For a standard engine, stick to the standard settings.

Alec

Posted: Sat Feb 11, 2006 5:31 pm
by RogerRust
thanks folks.
In the end I played safe and changed over the rotors. Its running sweetly now.

Posted: Sun Feb 12, 2006 6:51 pm
by bmcecosse
But BMC could never settle on any 'standard' setting for the centrifugal advance - hence there is a range of different units out there. Pinking will be noticeable under heavy load if it's there. The cent advance runs out at about 3000 engine revs - so going at that speed (45/50 mph) in top gear up a slight hill - foot to the boards and if it pinks then too much advance, so set it back a little.

Posted: Thu Jul 13, 2006 9:34 pm
by Axolotl
According to the workshop manual I have (reproduction), there were five types of distributor fitted to the 1098cc engine. Three for HC engines, and two for LC engines. Max. advance for type 40849B (HC) is 30 - 34 degrees at 6,400 rpm (max vacuum advance 14 degrees). For type 41124 and 41148 (HC) it is listed as 22 - 26 degrees at 5,500 rpm (vacuum 6 degrees), and for 40899B and 41025 (LC) it is 32 - 36 degrees at 5,500 (vacuum 20 degrees).

So, as you say, BMC themselves couldn't make up their minds. It looks to me as though if you are the boy racer type that's going to use 6,400 revs very often, you should try to get the first type... Can't work out in my head what that equates to in road speed. I expect someone can work it out.

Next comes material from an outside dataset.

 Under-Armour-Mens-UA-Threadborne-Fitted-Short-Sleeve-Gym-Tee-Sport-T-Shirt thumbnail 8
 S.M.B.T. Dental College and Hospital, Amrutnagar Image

PS, if the plate doesn't move when I suck, does that mean it is knackered, or that I am?

Posted: Thu Jul 13, 2006 10:53 pm
by Onne
But those 1098 aren't specificly Minor are they? I seem to recall other models that used the 1098. 6400rpm seems like quite a lot for the long stroke 1098, with only three main bearings

Onne

Posted: Fri Jul 14, 2006 7:37 am
by Axolotl
I agree, but the manual is specifically Morris Minor. Series MM, II and 1000, British Leyland, 1970.

Posted: Fri Jul 14, 2006 8:32 am
by Stig
So how do you tell what you've actually got? I assume the number (40849B, 41124 etc.) is stamped on the side, but what if it's a recon unit and someone's been swapping bits around? Are the cam weights stamped?

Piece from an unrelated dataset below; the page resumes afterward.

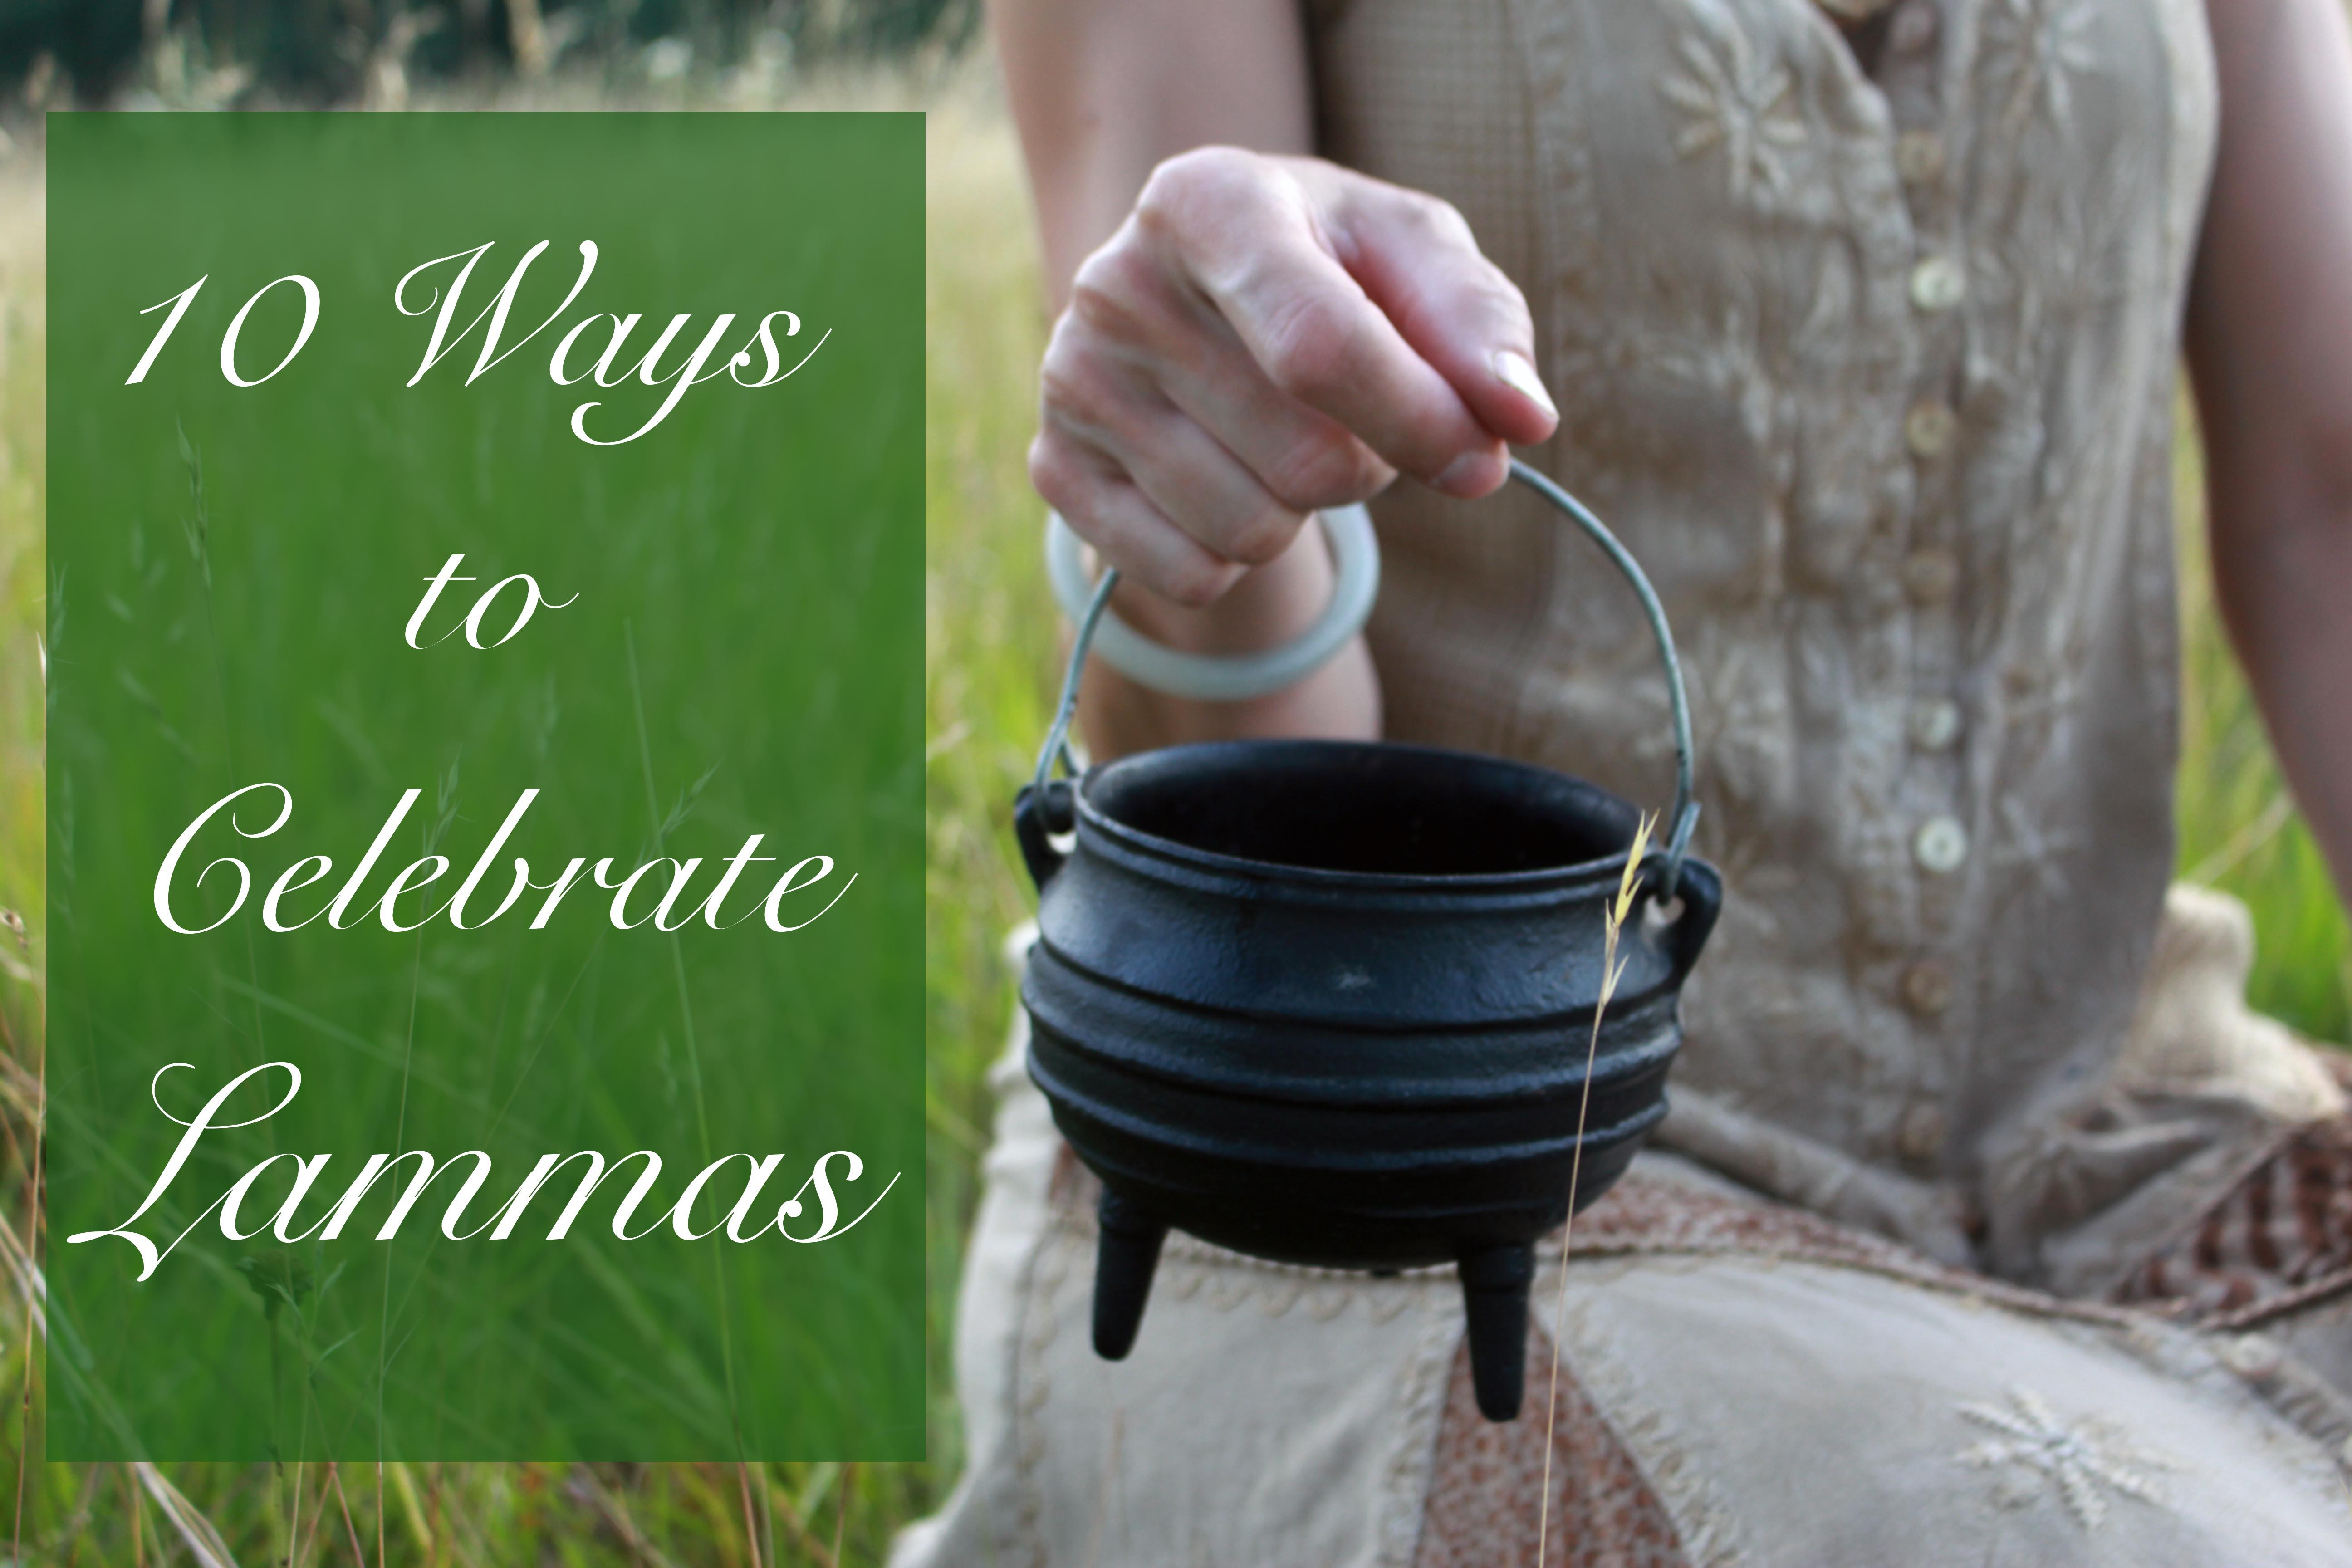 10 ways to celebrate lammas

And does anyone know what a 1275 should have? OK I'll come clean, it's actually the engine in my Sprite I'm thinking of. :)

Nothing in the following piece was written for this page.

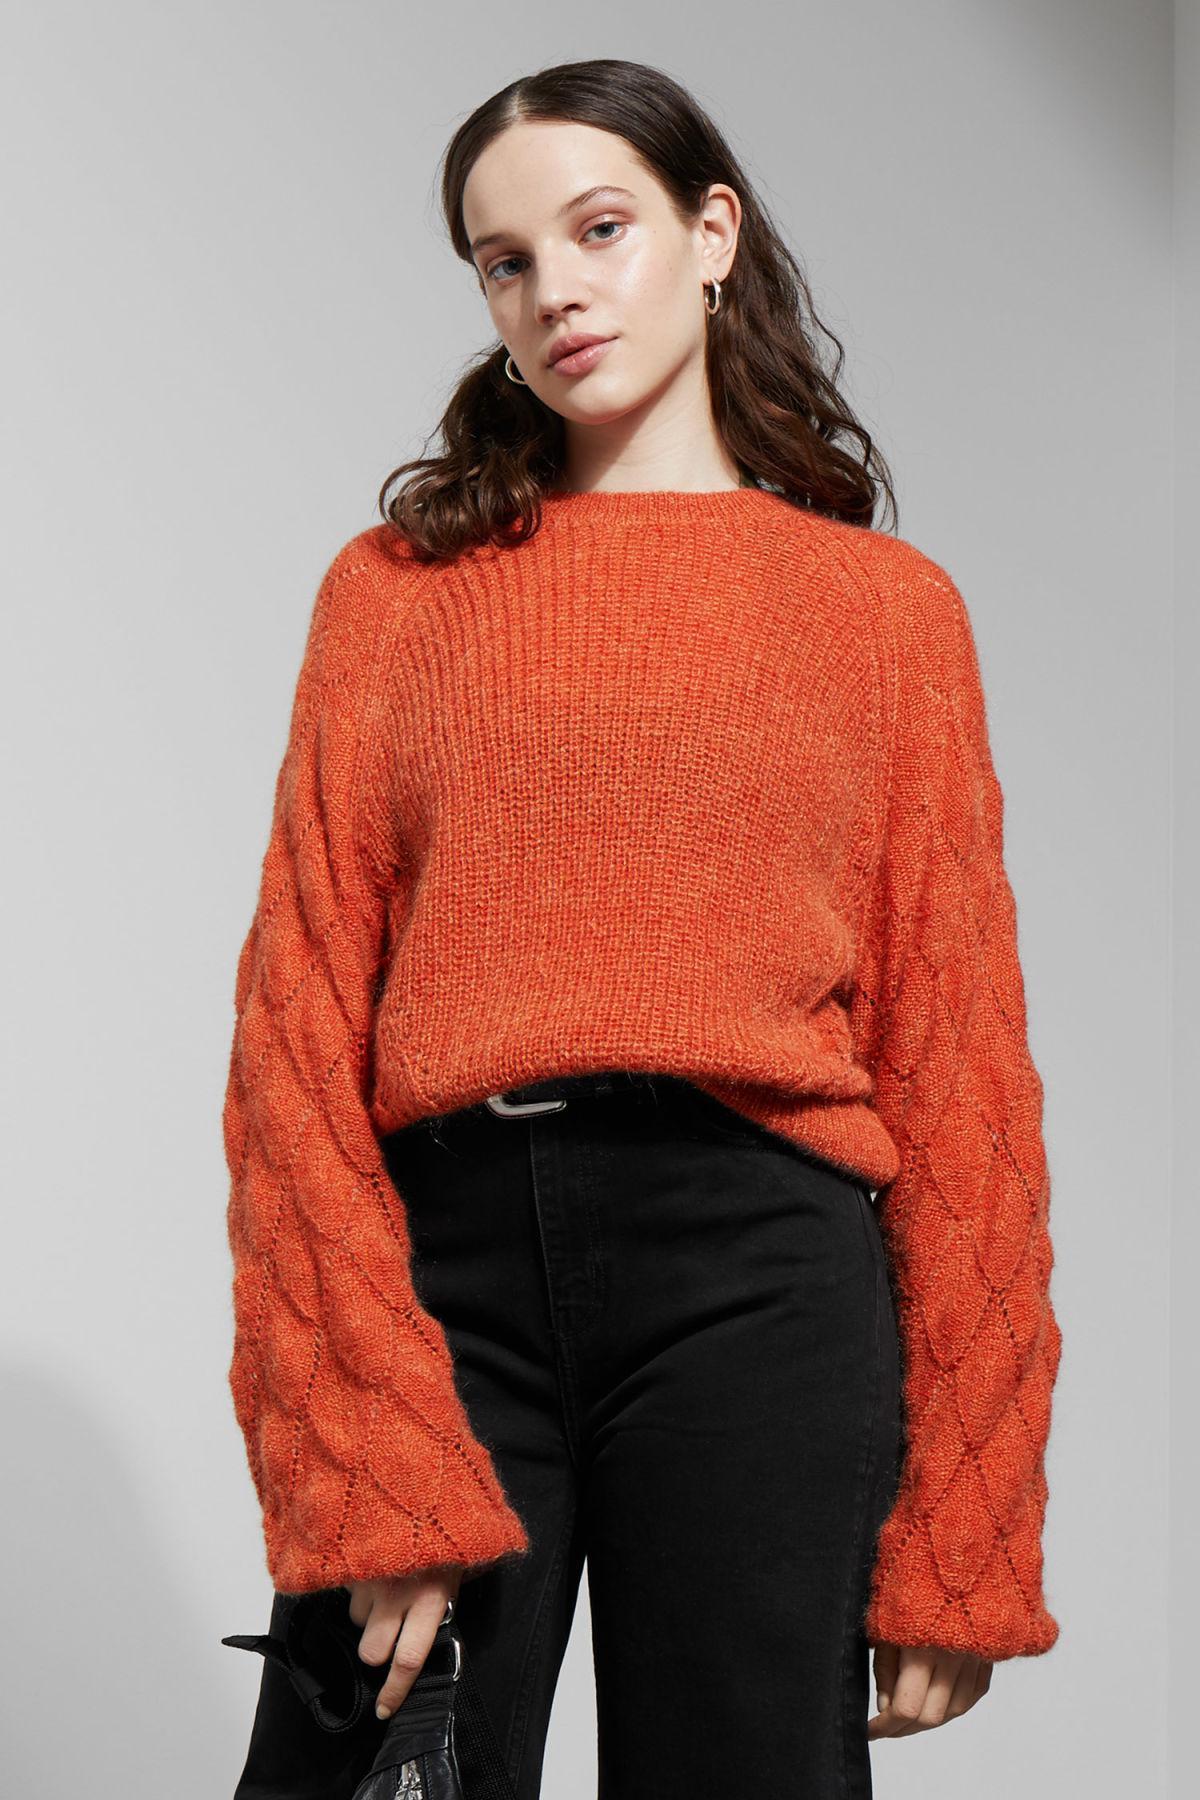 Lyst Orange Sweater Weekday Soul In qwXfHag

Posted: Fri Jul 14, 2006 10:39 am
by Alec
Hello Stig,

the weights are the same, the only internal differences are the rotor and the springs, the rotor is stamped with the degree of advance but springs are unmarked. Also it is possible that someone has shortened or lenthened the 'beak' on the rotor thus altering the maximum advance. Vacuum units are also stamped with a reference number as they too vary. If you tend to drive hard the vacuum unit will have little effect at all.

Alec

Posted: Fri Jul 14, 2006 12:11 pm
by Stig
Thanks for that, I'll have to have a good peer inside sometime.
Alec wrote:If you tend to drive hard the vacuum unit will have little effect at all.
To be honest the exhaust is so loud I tend not to drive it that hard any more as it's embarrassing - loud as you zoom past is one thing, but loud as you barely keep up is another. :oops:
I suspect it may be the vacuum not doing enough as it's "popping" a lot more when I lift off.

The Minor engine is far more civilised, but it's been good sports car weather recently. :)

Posted: Mon Jul 17, 2006 1:42 pm
by lowedb
you should be able to see the base plate move and then relax - as you gasp for breath.
Or get a mouth full of nasty stuff when the diapraghm has gone, like happened in my mates avenger!